I would like to calculate the definite integral with K-Bessel funcitons and a and b complex (n and k integers):
$$\int_{0}^{\infty} x \;K_{a}(nx) \; K_{b}(kx) \; dx$$
I could not find it in litterature with a and b complex (We have $Re(a)<1$ and $Re(b)<1$ for convergence in zero!).
Any reference or help on this subject is welcome.
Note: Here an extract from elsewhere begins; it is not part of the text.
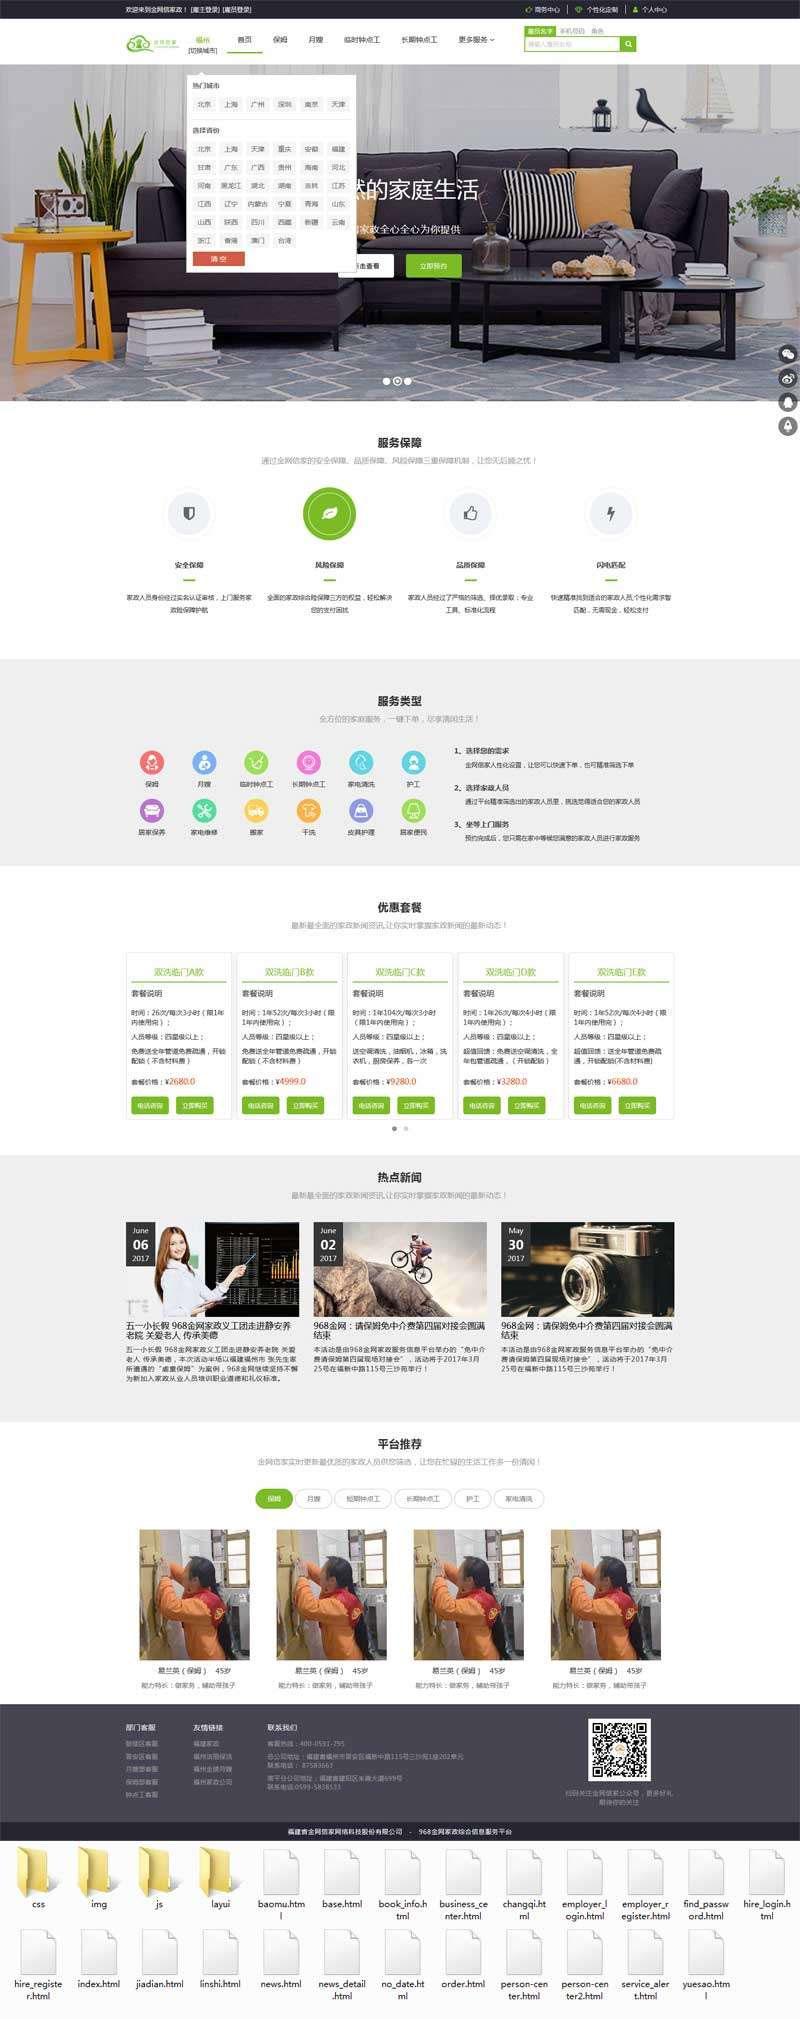 html5绿色响应式家政服务保姆月嫂雇佣平台网站模板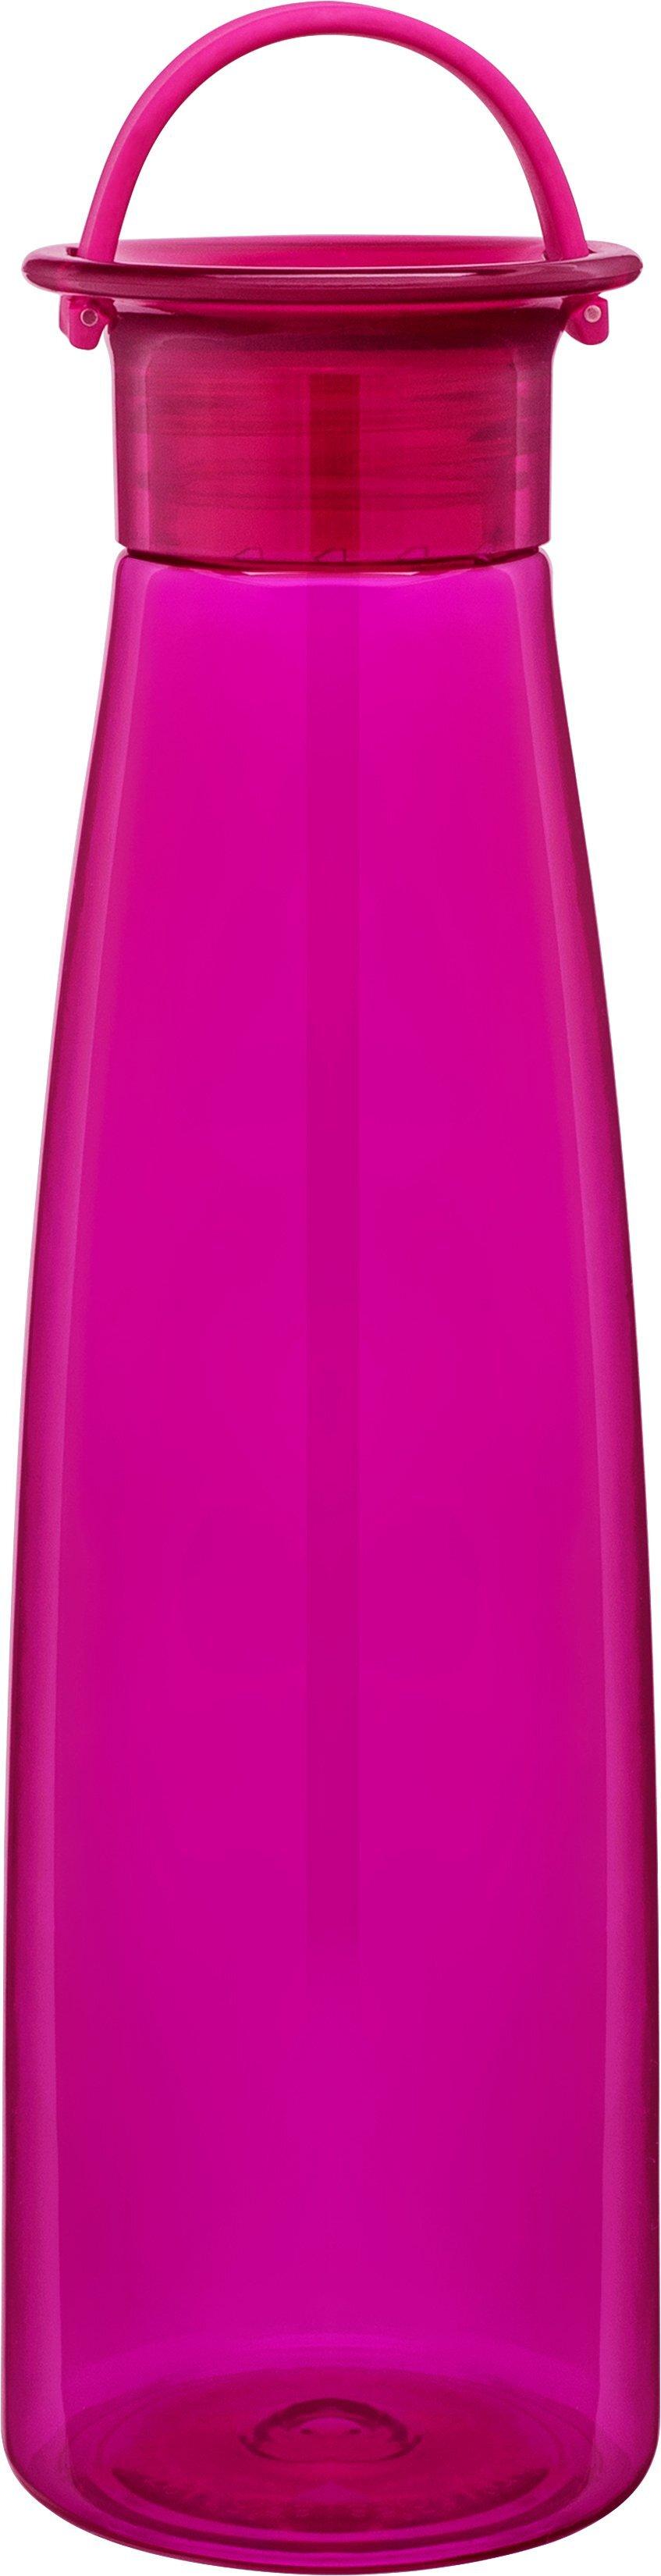 h2go Sway Sport Bottle, 25oz.

Mathematica: $$\int_{0}^{\infty} x \;K_{a}(nx) \; K_{b}(kx) \; dx=\frac{1}{2n^2}(k n)^{-b} $$ $$\qquad\times \left[n^{2 b} \Gamma (b) \Gamma \left(-\frac{a}{2}-\frac{b}{2}+1\right) \Gamma \left(\tfrac{1}{2} (a-b+2)\right) \, _2F_1\left(\tfrac{1}{2} (-a-b+2),\tfrac{1}{2} (a-b+2);1-b;\frac{k^2}{n^2}\right)\right.$$ $$\qquad\left.+\,k^{2 b} \Gamma (-b) \Gamma \left(\tfrac{1}{2} (-a+b+2)\right) \Gamma \left(\tfrac{1}{2} (a+b+2)\right) \, _2F_1\left(\tfrac{1}{2} (-a+b+2),\tfrac{1}{2} (a+b+2);b+1;\frac{k^2}{n^2}\right)\right]$$
for $-2<{\rm Re}(a-b)<2$, $-2<{\rm Re}(a+b)<2$
if $k=n$ this simplifies to
$$\int_{0}^{\infty} x \;K_{a}(nx) \; K_{b}(nx)=\frac{\pi ^2 (a^2-b^2)}{4 n^2 (\cos \pi b-\cos \pi a)}$$
there do not seem to be further simplifications if $k\neq n$